Western science was created when the first (western) philosophers stopped settling for the “God(s) did it” non-explanation of things and went looking for natural causes. That led to enlightenment, of a sort, and to Gottlieb’s next volume, The Dream of Enlightenment. Perhaps one or more of our reporters will enlighten us about it soon. It’s on tap for next semester.

But today, our topic is bounded by these questions: What’s your definition of “philosophy”? Do you have a favorite philosopher? Can you summarize your current, personal philosophy of life?

A glance back, to last August 24:

We’re off, with Bertrand Russell’s introductory chapter in his History. There we’re cautioned against the “impertinent insolence towards the universe” of dogmatic theology, and directed instead to the gray space between certainty and paralysis that good philosophers occupy. Then we’re told that the Stoics presaged Christianity, that Montaigne’s “fruitful disorder” made him a representative man of his age, that Descartes’ subjectivist inflation of ego as philosophic method was insanely contrary to common sense, and that every community must negotiate the extreme opposite dangers of either too stultifying a regard for tradition or too much personal independence.

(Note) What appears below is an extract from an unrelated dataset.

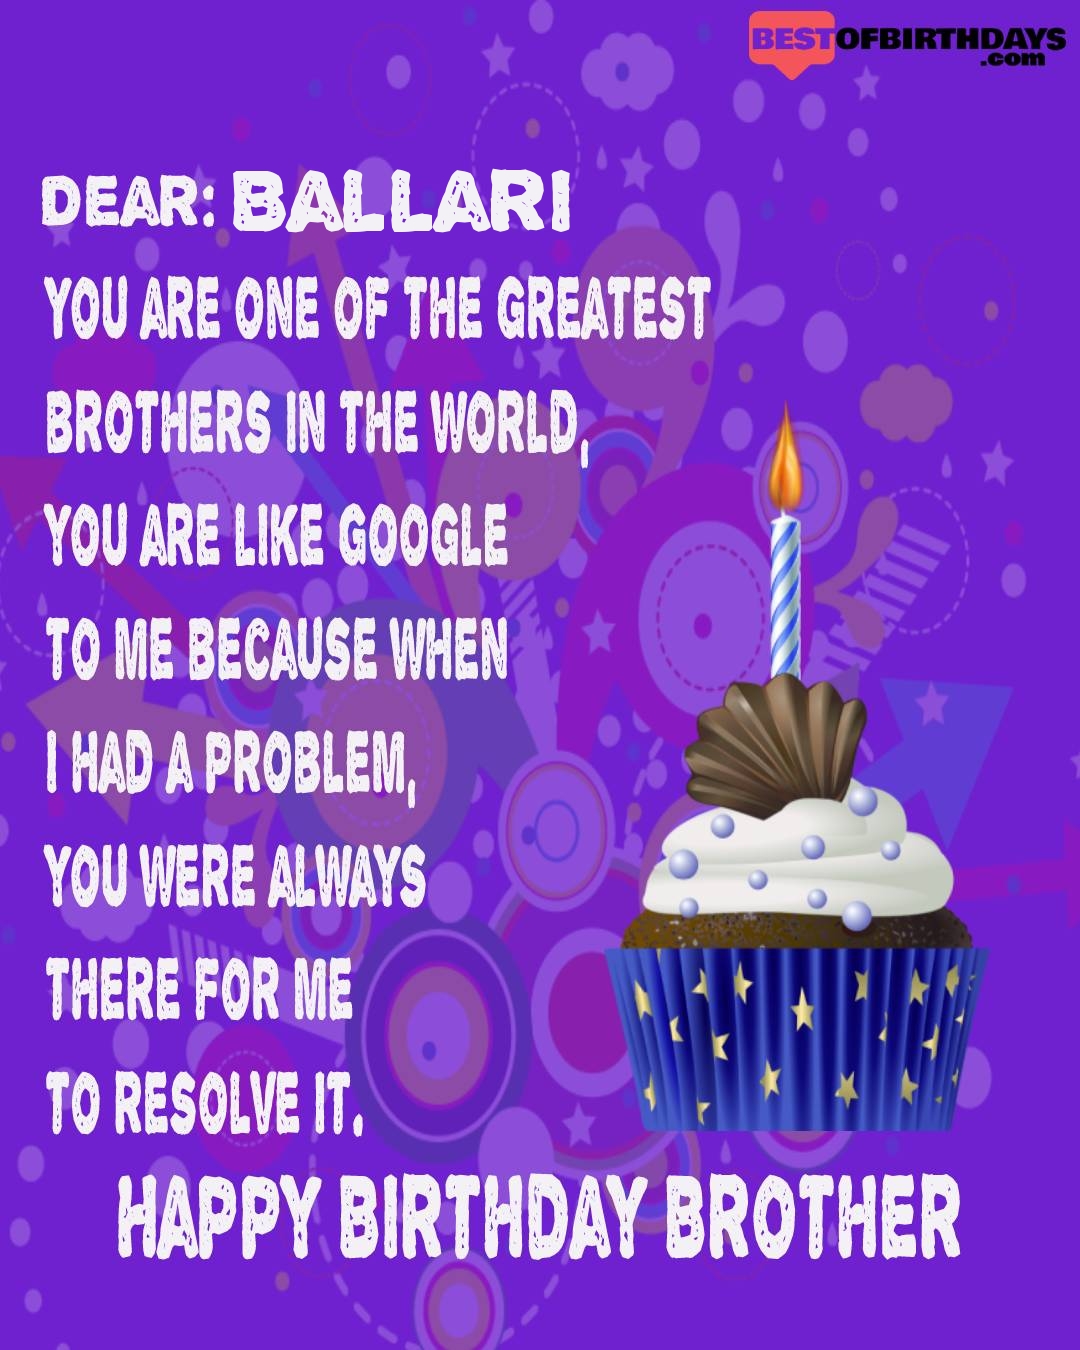 Happy birthday ballari bhai brother bro

Those are just a few of the countless sharp opinions Russell will deliver, with audacity and biting wit, in this narrative. Another: that philosophy occupies a No Man’s Land between theology and science. So, we’ll wonder: are no theologians or scientists philosophers? Is there more than one way to be a philosopher? Here I’ll invoke Professor James’s observation that we all have some implicit philosophy or other. For a No Man’s Land, it’s pretty crowded.

Other points to ponder, prompted by this chapter: Is there any higher duty than that to one’s fellow humans? What do we owe the state, our contemporaries, our successors? In what specific ways should it matter to us that we’re standing on a planet that’s evolving and revolving, on a distant spiral arm of a relatively nondescript galaxy, one among trillions? Ought we ever to acknowledge the authority of any individual or institution, to settle matters of belief and conscience? (Good question to ask on the anniversary of the first edition of the Gutenberg Bible.)

Some students will become frustrated with all these questions. I’ll happily suggest answers, and will not hesitate to advocate for my own. But the key takeaway today is that in philosophy the questions always outpace the answers, and we’re okay with that. Love it, in fact.